Mothers at Work May Have More Physical and Emotional Health Benefits

Aug 5, 2007 Laurie Pawlik-Kienlen

In The Feminine Mistake, Leslie Bennetts says working mothers are less likely to struggle with depression than stay at home moms. Are moms with jobs or careers healthier?

Working mothers may be less depressed than stay at home moms, says author and career woman Leslie Bennetts. Working moms may also have better physical health, higher self-esteem, and increased emotional health.

For some women, deciding to be a working mom (have a job outside the home) was a tough choice to make. Other women, however, gain a great deal from going back to work – especially moms who work from home. And still other women have to work to pay the bills and support their families.
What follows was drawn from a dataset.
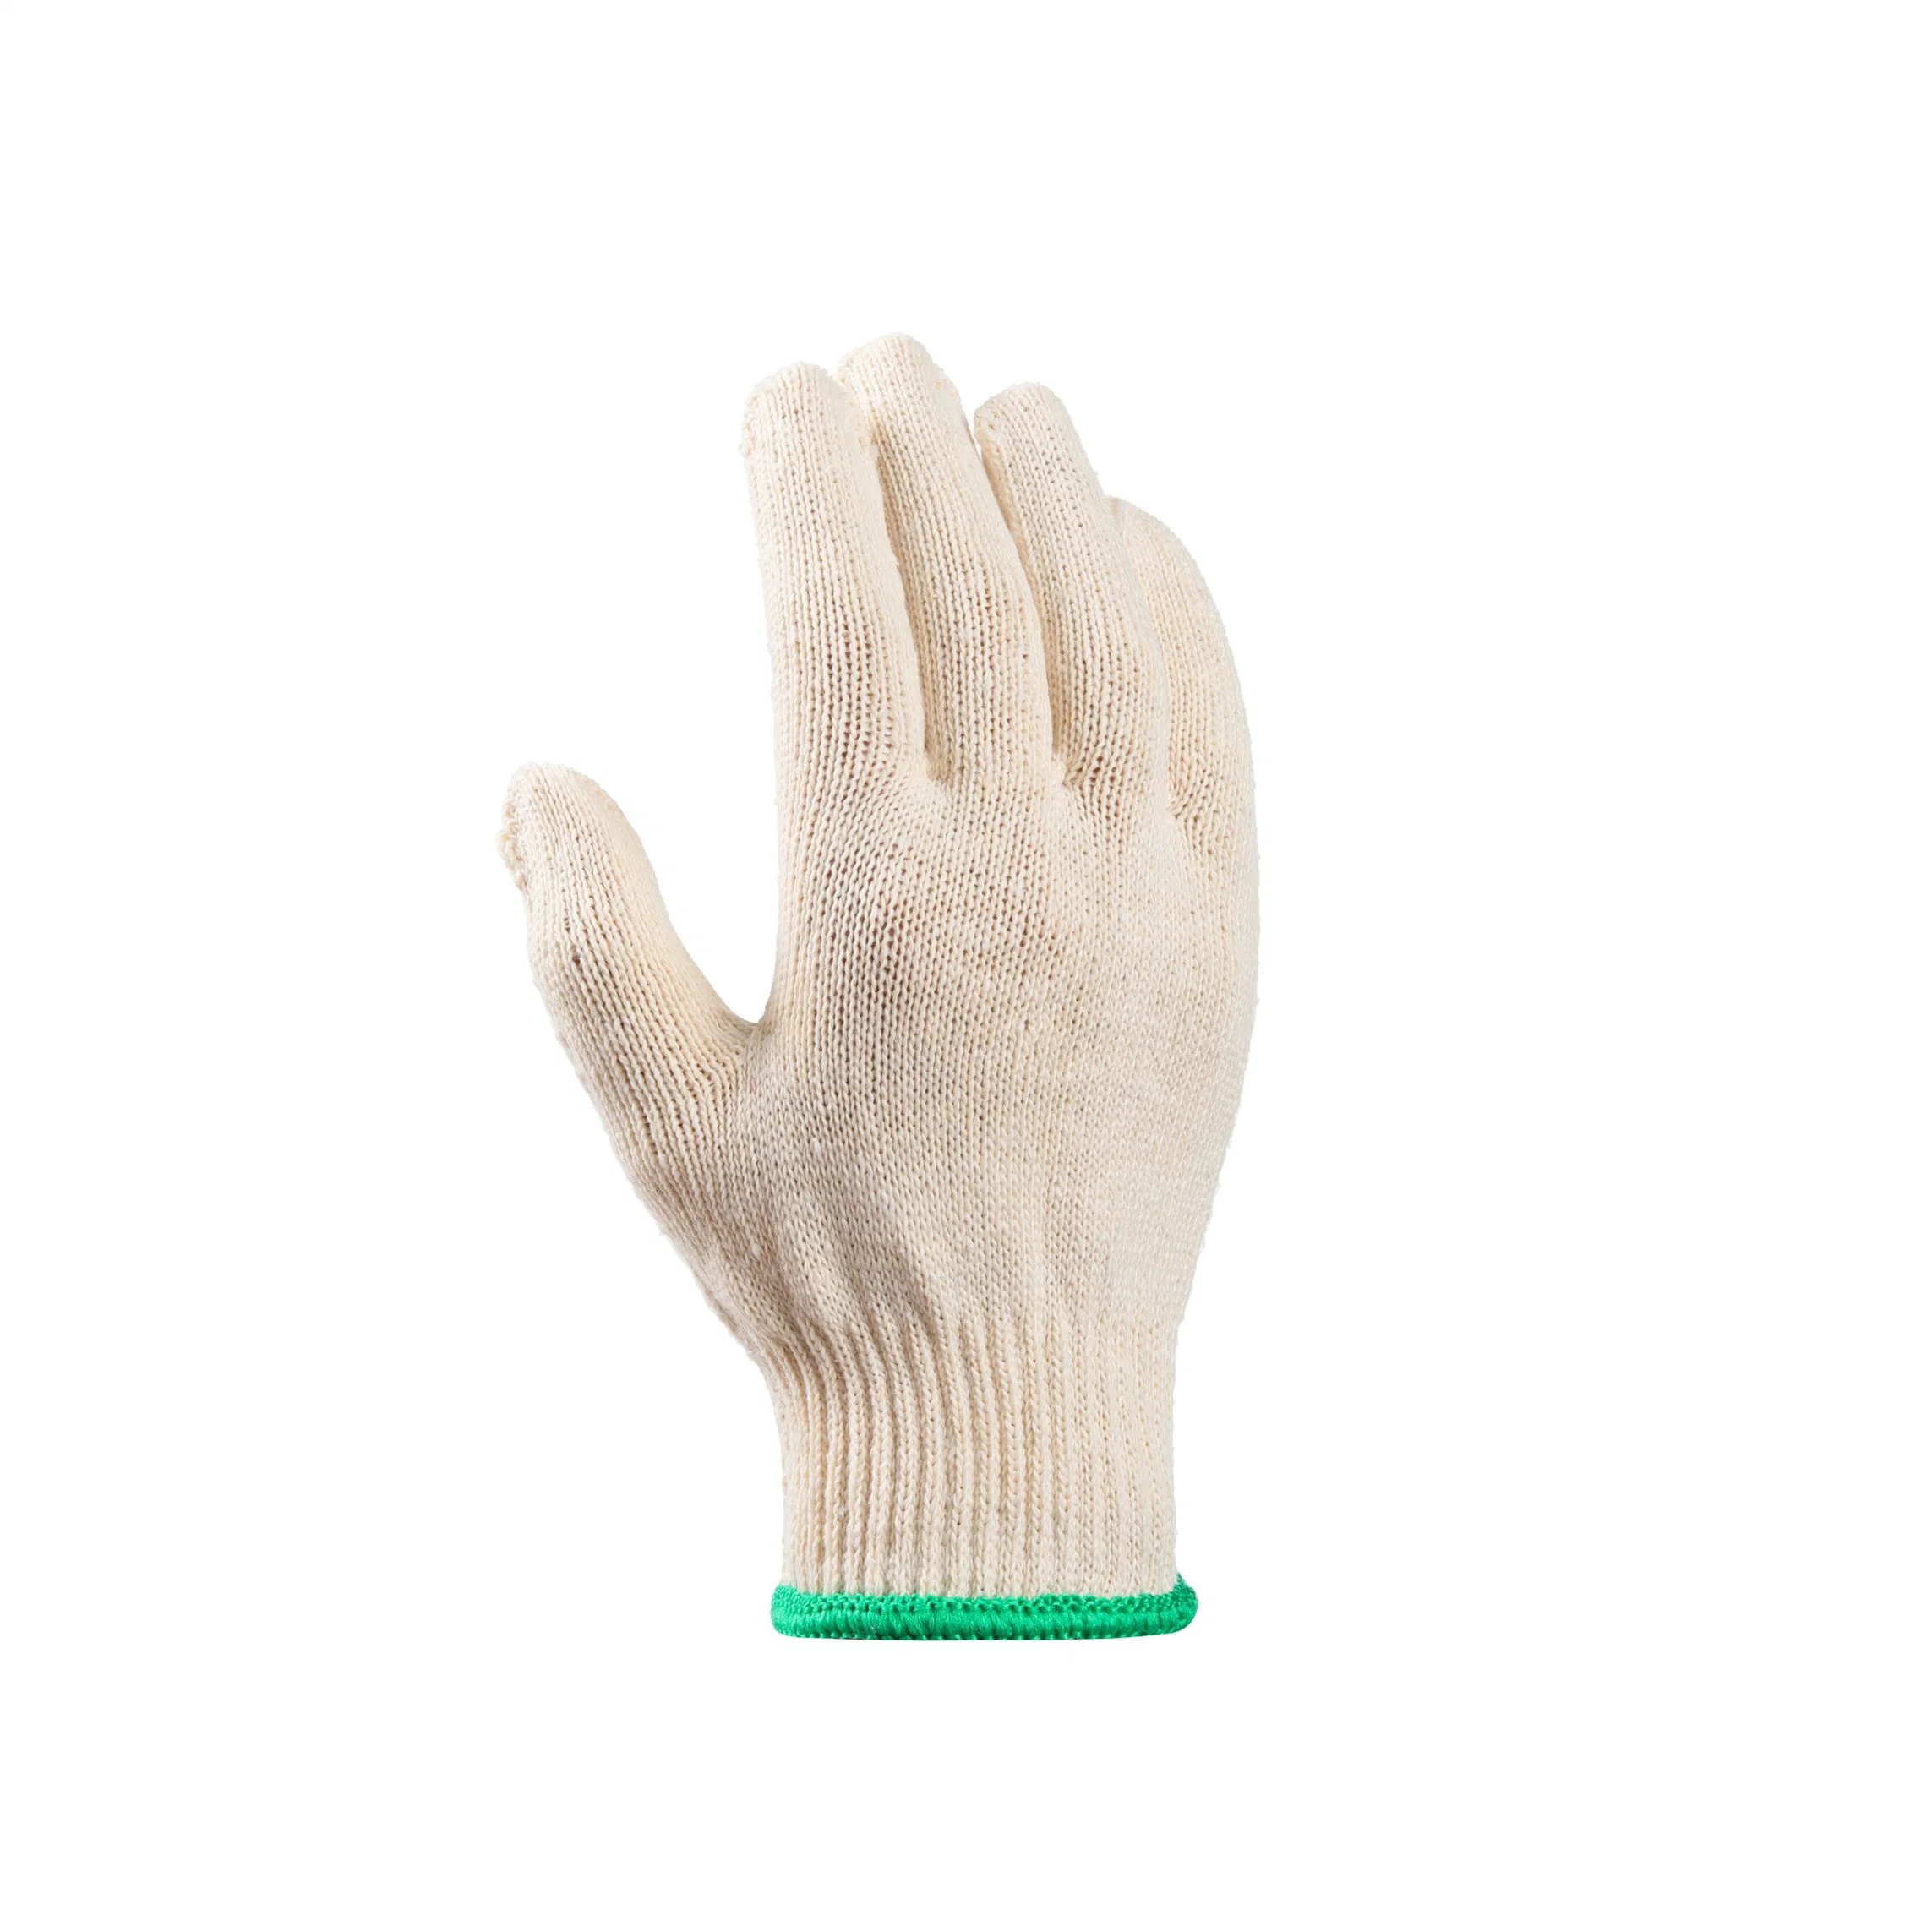 Guantes de seguridad de algodón blanco resistentes al desgaste de protección de manos

Leslie Bennetts, author of The Feminine Mistake, shares so many benefits of working mothers that it seems to be a mistake to be a stay at home mom! Bennetts' arguments are convincing – but every woman must weigh her own pros and cons of getting a job outside the home. Factors such as financial situation, children's age, work availability, partner support, work passion and health all play a role in the decision to be working mom or stay-at-home mother.
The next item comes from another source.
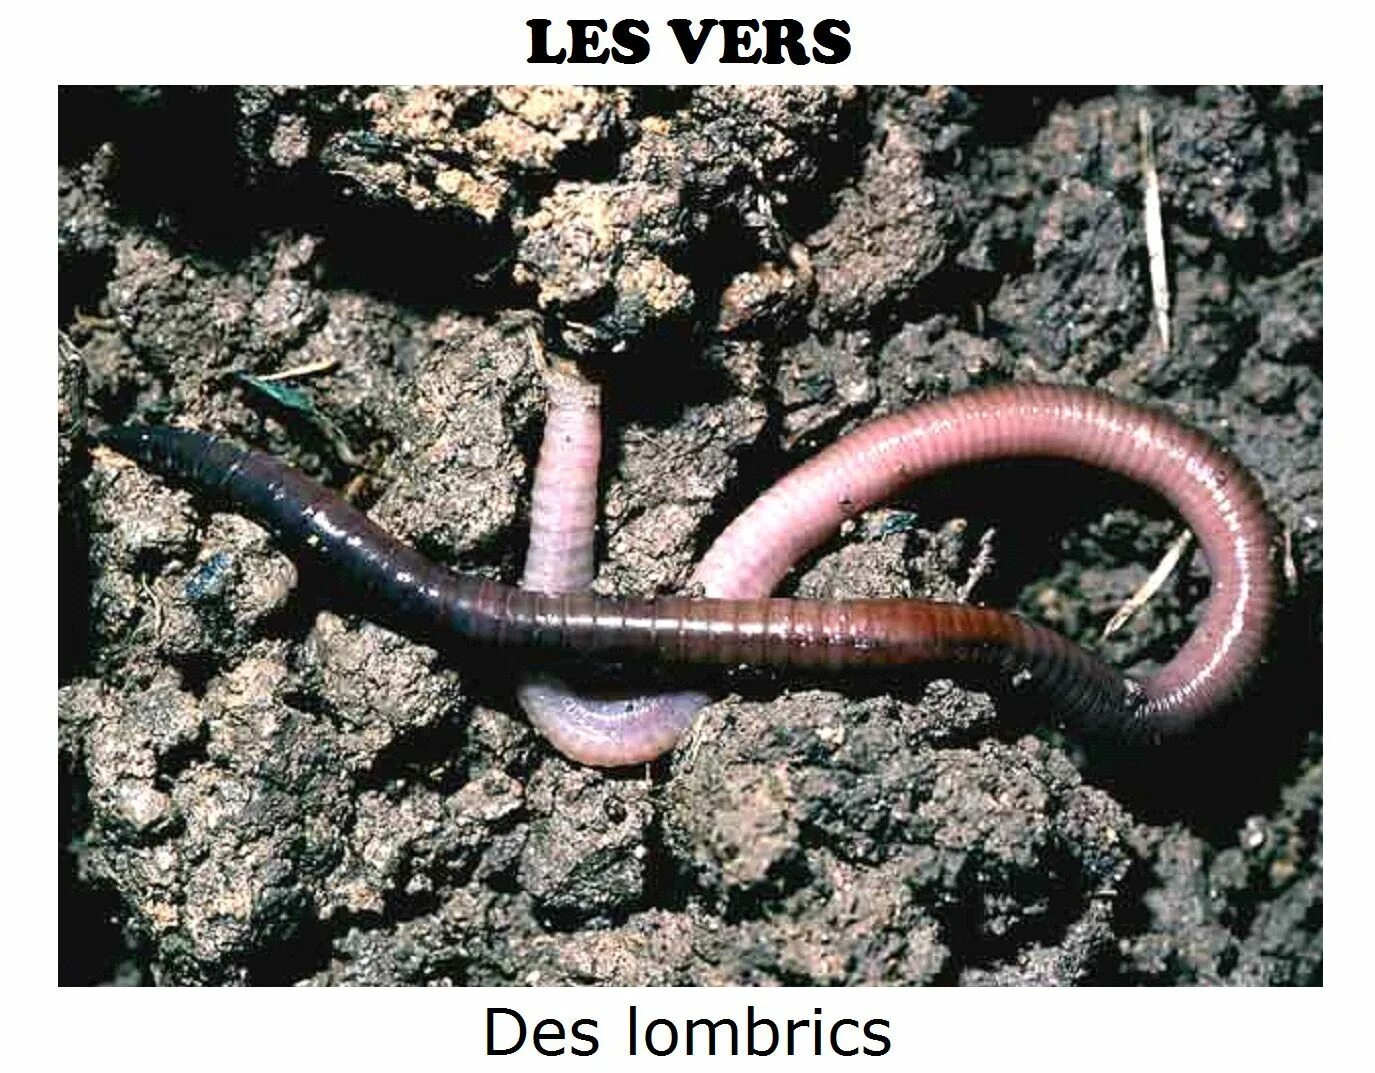 Дождевой червь относится к насекомым. Малощетинковые дождевой червь. Червь Земляной (Lumbricus terrestris). Кольчатые черви олигохеты. Дождевые черви среда обитания.

Not all working women experience the same physical and emotional health benefits, such as less depression and anxiety.

The benefits of being a working mom change depending on profession, interests, and values. For instance, if you're passionate about being and educated as a teacher you may reap more rewards than if you work at the local convenience store, shopping mall, or factory. Moms working from home who can set their hours and choose the type of work they do are in an ideal – and rare – situation.
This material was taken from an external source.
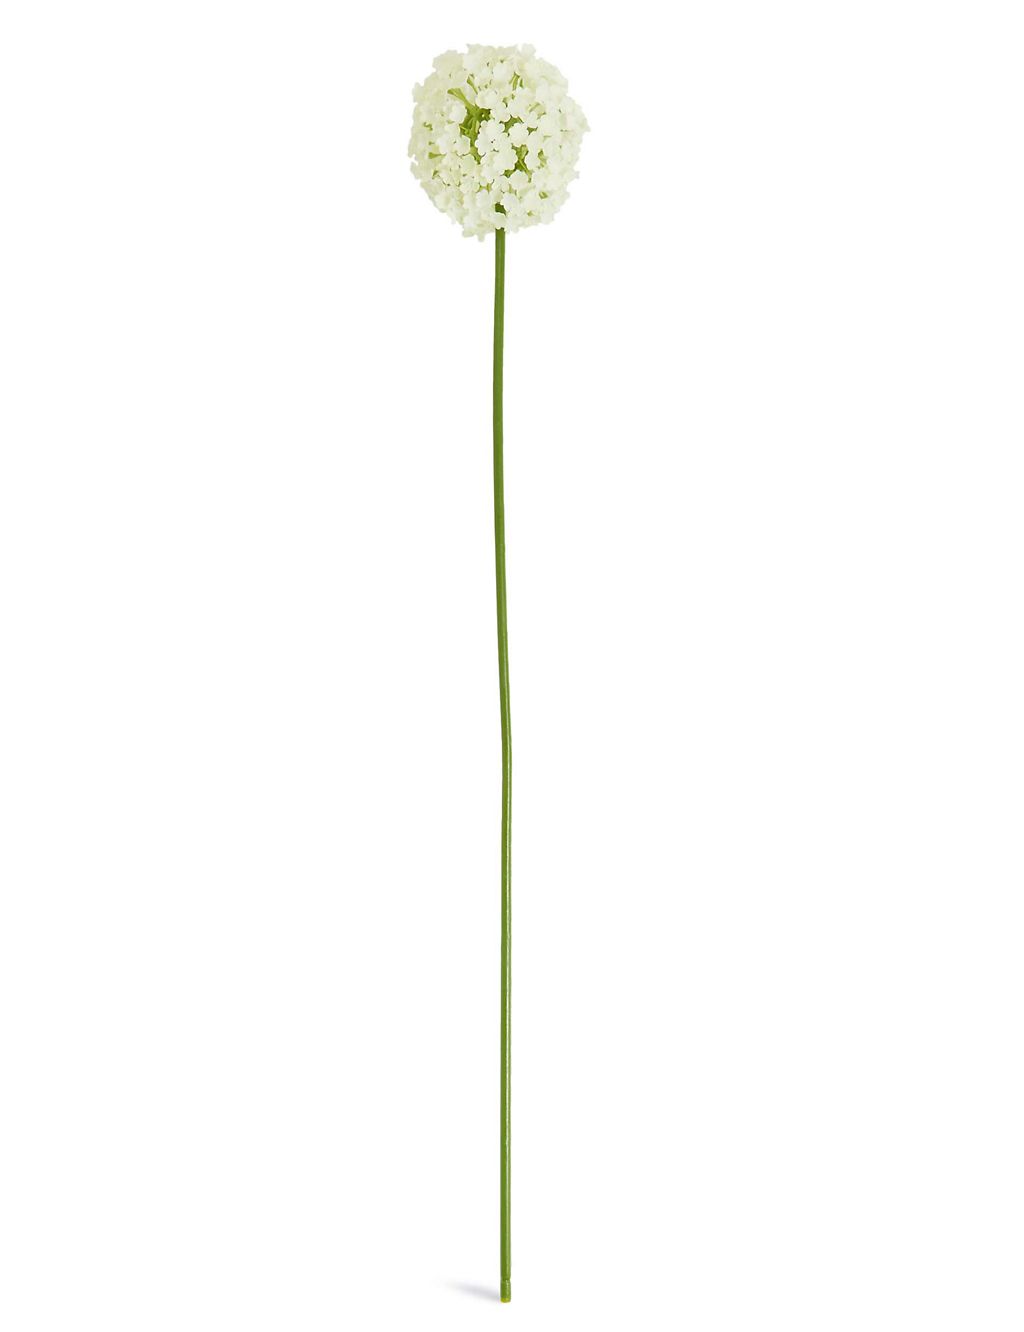 Allium Stem 3 of 4

Working Moms Are More Independent, Happier, and Less Depressed

"As the survey of gifted women indicates, many simply feel that being a homemaker fails to utilize the full range of their capabilities," writes Bennetts. Working moms feel like they're using all their gifts, talents, and abilities in a more useful capacity than stay at home moms. Intellectual stimulation, problem solving, and handling challenges increase feelings of self-esteem and self-confidence.

Working moms have their own financial income, which offers independence, freedom, and security. Moms with careers can make their own decisions about money and purchases; they know how their money is spent. There's a sense of satisfaction in being a working mom, as well as the economic ability to take care of themselves if the marriage or husband's health fails.

Working Moms Are Strong Role Models

Role modeling a successful, happy life as a working mom can benefit both boys and girls. If mom is happy and challenged in her life, she's more likely to encourage a happy and challenging life for her kids.

Working Moms Have Happier Marriages

Reducing the financial pressure on the working partner is a benefit of working moms. Single income families may have a hard time making ends meet; working moms may ease the burden.

Working moms may be more interested and involved in the "outside world", which makes them more interesting to talk to. Living a full, balanced life can lead to a happier marriage because a job or career outside the home can encourage a sense of equality.

Working Moms Are Physically Healthier Than Stay at Home Moms

"Employed women are healthier than their homemaker peers, despite the pressure of added responsibilities. They have lower blood pressure, lower cholesterol levels, and lower weight," writes Dr. Anna Fels in The Feminine Mistake. "Few facts are as well-documented as the good physical and emotional health of women on the job….Psychologically, working women have less depression than their domestic counterparts, and they have, astonishingly, been reported to have less anxiety."

Working Moms Enjoy Increased Social Support

Work can be a strong support network in times of crisis. With the right employer and colleagues, working moms can lean on their coworkers when facing death, illness, or other unexpected challenges. Many friendships start at work and grow stronger over the years.

"In comparison with such benefits, the sacrifices required by the juggling act ultimately seem negligible to many working women," says Bennetts in The Feminine Mistake.

Every woman's situation is different, but many working mothers seem to enjoy more benefits than stay at home moms.

Related Reading

Recognizing the Signs of Depression describes several ways to know if you may be depressed -- whether you're a working or stay at home mom (because working moms get depressed, too).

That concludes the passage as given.